Use the following command to compile:
bash install.sh -DUSE_CUDA=ON # Compiles with GPU support
# bash install.sh -DUSE_CUDA=ON -DCUDA_ARCH=89 # Specify CUDA architecture, e.g., for 4090 use architecture 89
# bash install.sh # Compiles only the CPU version
Running Demo Programs in Python
Assume your model is located in the directory "~/Qwen2-7B-Instruct/". After compilation, several demos can be executed:
# OpenAI API server setup
# Requires: pip install -r requirements-server.txt
# Starts a server named "qwen" on port 8080
python3 -m ftllm.server -t 16 -p ~/Qwen2-7B-Instruct/ --port 8080 --model_name qwen
# Chat with float16 precision
python3 -m ftllm.chat -t 16 -p ~/Qwen2-7B-Instruct/
# Online quantized INT8 model chat
python3 -m ftllm.chat -t 16 -p ~/Qwen2-7B-Instruct/ --dtype int8
# Simple web UI
# Requires: pip install streamlit-chat
python3 -m ftllm.webui -t 16 -p ~/Qwen2-7B-Instruct/ --port 8080
For more details on command options, use the --help
parameter or refer to the parameter documentation.
Running in C++
After navigating to the fastllm build directory:
# Command-line chat program with typewriter effect
./main -p ~/Qwen2-7B-Instruct/
# Simple web UI with streaming output and dynamic batch support, allowing for multi-threaded access
./webui -p ~/Qwen2-7B-Instruct/ --port 1234
Compiling under Windows is recommended using CMake GUI and Visual Studio. If issues occur, especially on Windows, refer to the FAQ documentation.
Python API
# Model creation
from ftllm import llm
model = llm.model("~/Qwen2-7B-Instruct/")
# Generate a response
print(model.response("Hello"))
# Stream response generation
for response in model.stream_response("Hello"):
print(response, flush=True, end="")
The package also allows settings like CPU thread adjustment. For detailed API information, visit ftllm API documentation.
Multi-Device Deployment
fastllm supports deployment across multiple devices, including setting ratios for specific device allocation.
In Python Command-Line
# Set device usage with --device parameter
# --device cuda:1 # Single device setting
# --device "['cuda:0', 'cuda:1']" # Distribute model equally across devices
# --device "{'cuda:0': 10, 'cuda:1': 5, 'cpu': 1}" # Set proportional deployment across devices
Within ftllm
from ftllm import llm
# Configure before model creation
llm.set_device_map("cuda:0") # Single device deployment
llm.set_device_map(["cuda:0", "cuda:1"]) # Equal distribution across devices
llm.set_device_map({"cuda:0": 10, "cuda:1": 5, "cpu": 1}) # Proportional distribution
C++ Multi-Device Usage
// Configure before model creation
fastllm::SetDeviceMap({{"cuda:0", 10}, {"cuda:1", 5}, {"cpu", 1}}); // Proportional distribution across devices
Docker Compilation and Execution
For Docker execution, NVIDIA Runtime must be installed locally, and the default runtime should be set to NVIDIA.
-
Install nvidia-container-runtime:
sudo apt-get install nvidia-container-runtime
-
Set Docker default runtime to NVIDIA by editing
/etc/docker/daemon.json
. -
Download Converted Models to the models directory.
-
Compile and Launch web UI:
DOCKER_BUILDKIT=0 docker compose up -d --build
Running on Android
Compilation
To compile for Android, download the NDK tool.

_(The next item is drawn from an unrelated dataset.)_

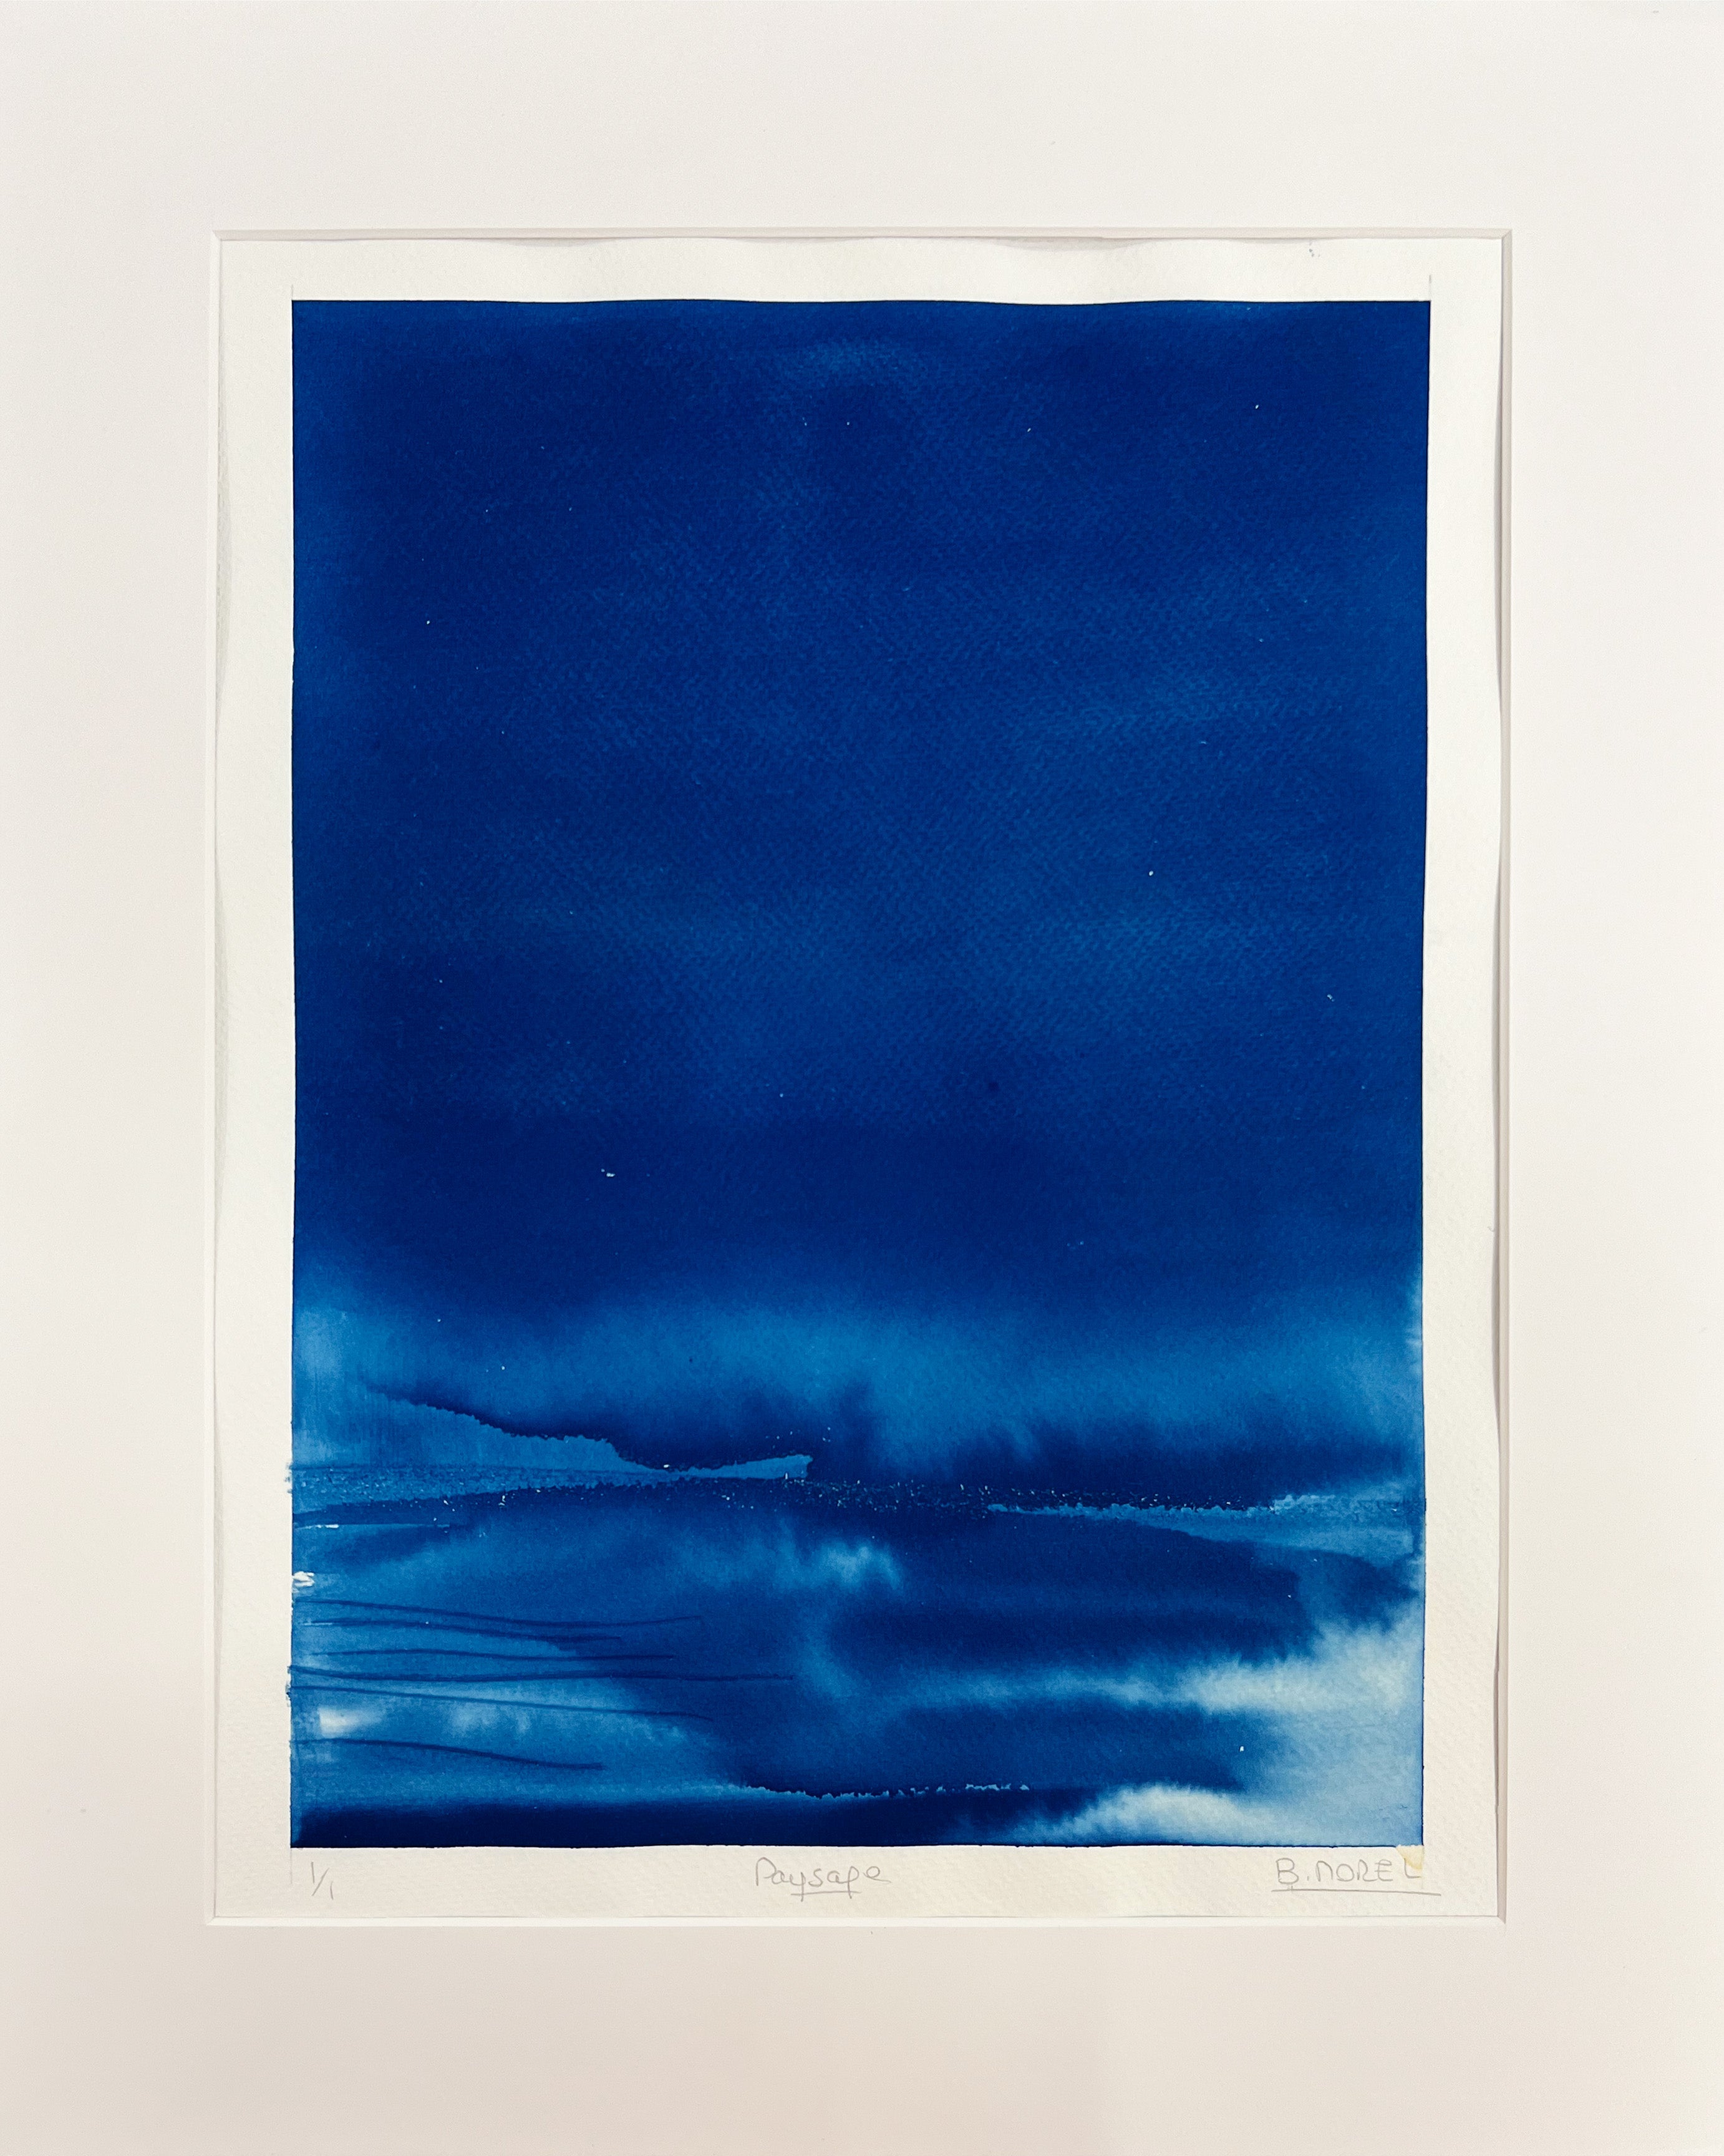 "Paysage", Brigitte Morel, cyanotype

Alternatively, compilation can be done on the device itself using Termux with cmake and gcc.
mkdir build-android
cd build-android
export NDK=<your_ndk_directory>
cmake -DCMAKE_TOOLCHAIN_FILE=$NDK/build/cmake/android.toolchain.cmake -DANDROID_ABI=arm64-v8a -DANDROID_PLATFORM=android-23 -DCMAKE_CXX_FLAGS=-march=armv8.2a+dotprod ..
make -j
Execution
- Install Termux on the Android device.
- Use
termux-setup-storage
to enable file access. - Transfer the compiled
main
file and model files to the device. - Grant execution permission using
chmod 777 main
. - Execute the main file.
This introduction captures the essence and usability of fastllm, a robust tool for machine learning model deployment across varied computing platforms.